Smoking Popes on Dirt from the Road podcast

Whatever it is, the way you tell your story online can make all the difference.

Smoking Popes frontman Josh Caterer and Brett Newski analyze radio "shock jocks", songs as NFT's, future of live music, absurdity of songwriting as a job, and the Mick Jagger workout routine. 

More on Smoking Popes: https://www.smokingpopesmusic.com/

Support the pod! https://www.patreon.com/BrettNewski1

SNIPPET:

Brett: You guys were a band in the pre-social-media era. It must have been wild to live in both worlds. In the 90s, did you find that to be a more magical time? Were things less complex, and just happening more naturally?

Josh: That’s an interesting way to put it. The things that happened to the Smoking Popes, as far as promotion and the trajectory of our career, and getting exposure...you had to go through certain channels. There were certain publications that had to agree to cover you. 

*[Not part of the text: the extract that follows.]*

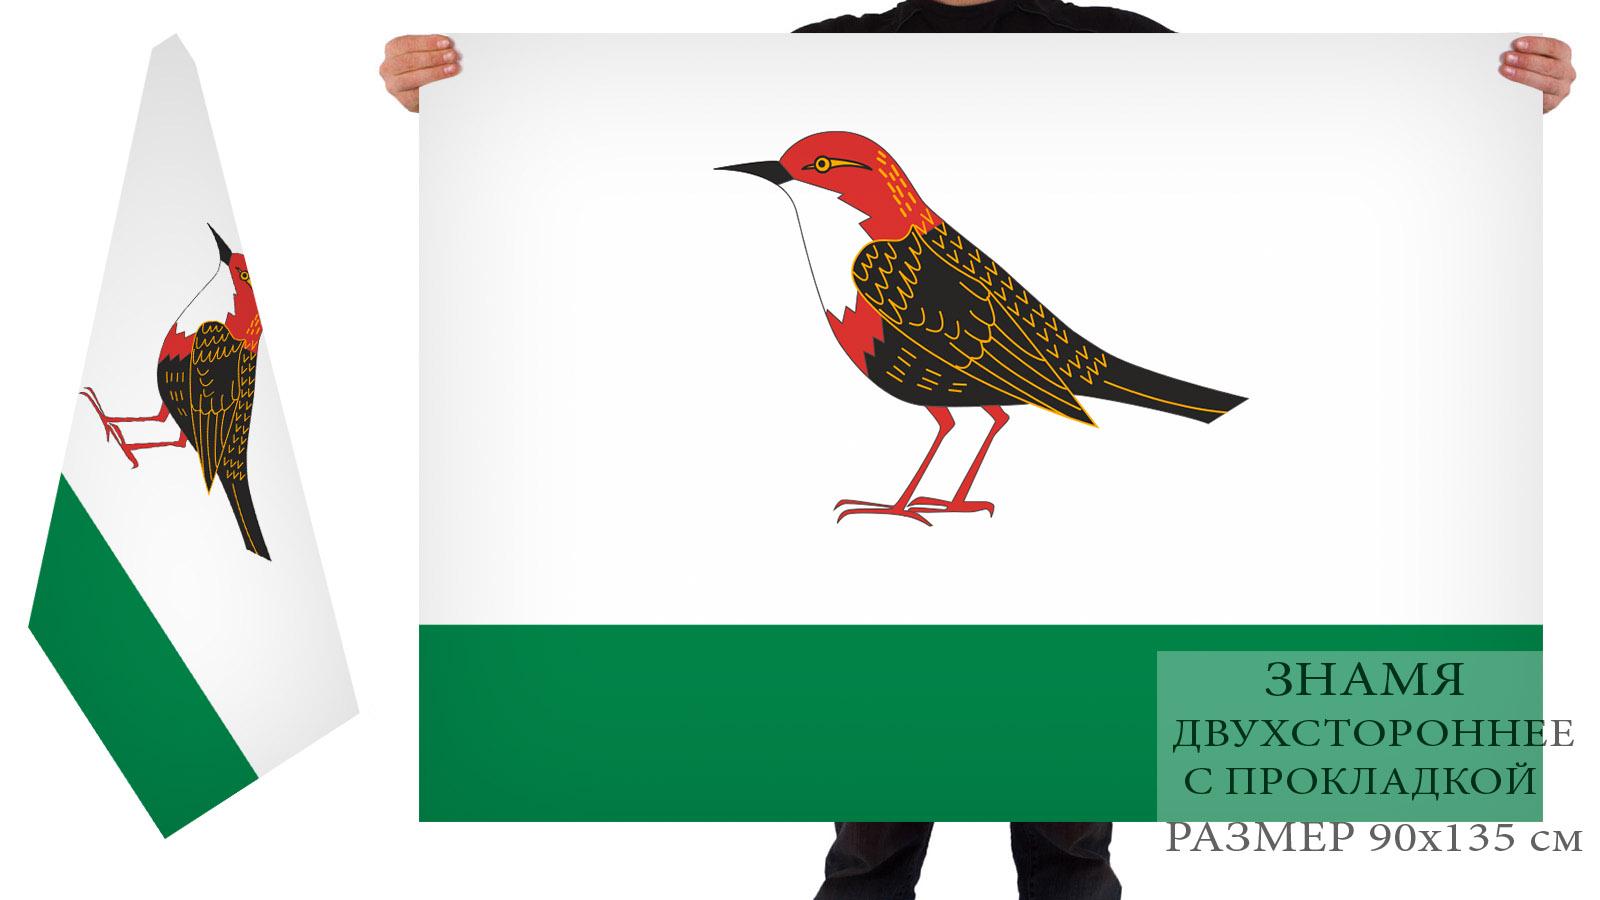 Заказать флаг города Бирск

It seems like the possibility of self-promotion didn’t exist as much. You would have a publicist who would try to get you covered in these established publications. But now you have the same actress to the internet as everyone else does. It’s an entirely different animal.


It’s cool now because you can be the pilot of your own destiny, as far as projecting yourself out there into the world. Before, it seemed like you needed to “get a break,” this idea of getting a big break.

Brett: Yes, yes. What was that moment for you, for Smoking Popes?

Josh: There were a few dominos for us. One of the big ones was when Green Day came through Chicago. They were touring for the Dookie album in 1994. They had been a punk band for several years, but they became one of the biggest bands in teh world at that time. They were part of punk, which had been mainly underground, becoming mainstream. 

So when they came through Chicago touring for Dookie, they asked us to open for them at the Riviera. I think it was at the Riv. And the cool thing that they did, and were doing, and I believe continue to do, is that they were champions of bands that they believed in. LEsser known bands. They’re really good about using their platform to give smaller artists some attention and opportunity.

And they did that with us. And they not only had us open for them, but they talked about us. And they would do that with other bands too. When they were being interviewed they’d mention the names of bands they thought were cool. And we were one of those bands. So the fact that we were getting attention from Green Day at that time was a huge step, that first domino that pointed to us being on a major label ourselves. 

It brought us attention from a variety of people, including Green Day’s managers at the tiem who were trying to start their own record label. So tehy contacted us to be one of the first bands on that label, which we didn’t end up going with, but the fact that they contacted us started what is classically known as a “bidding war.” We had a handful of major labels offering us record deals at the time.

I can connect that directly back to Green Day. They started that for us.


Brett: That’s the dream, right? A bidding war on your band. Nothing better than that.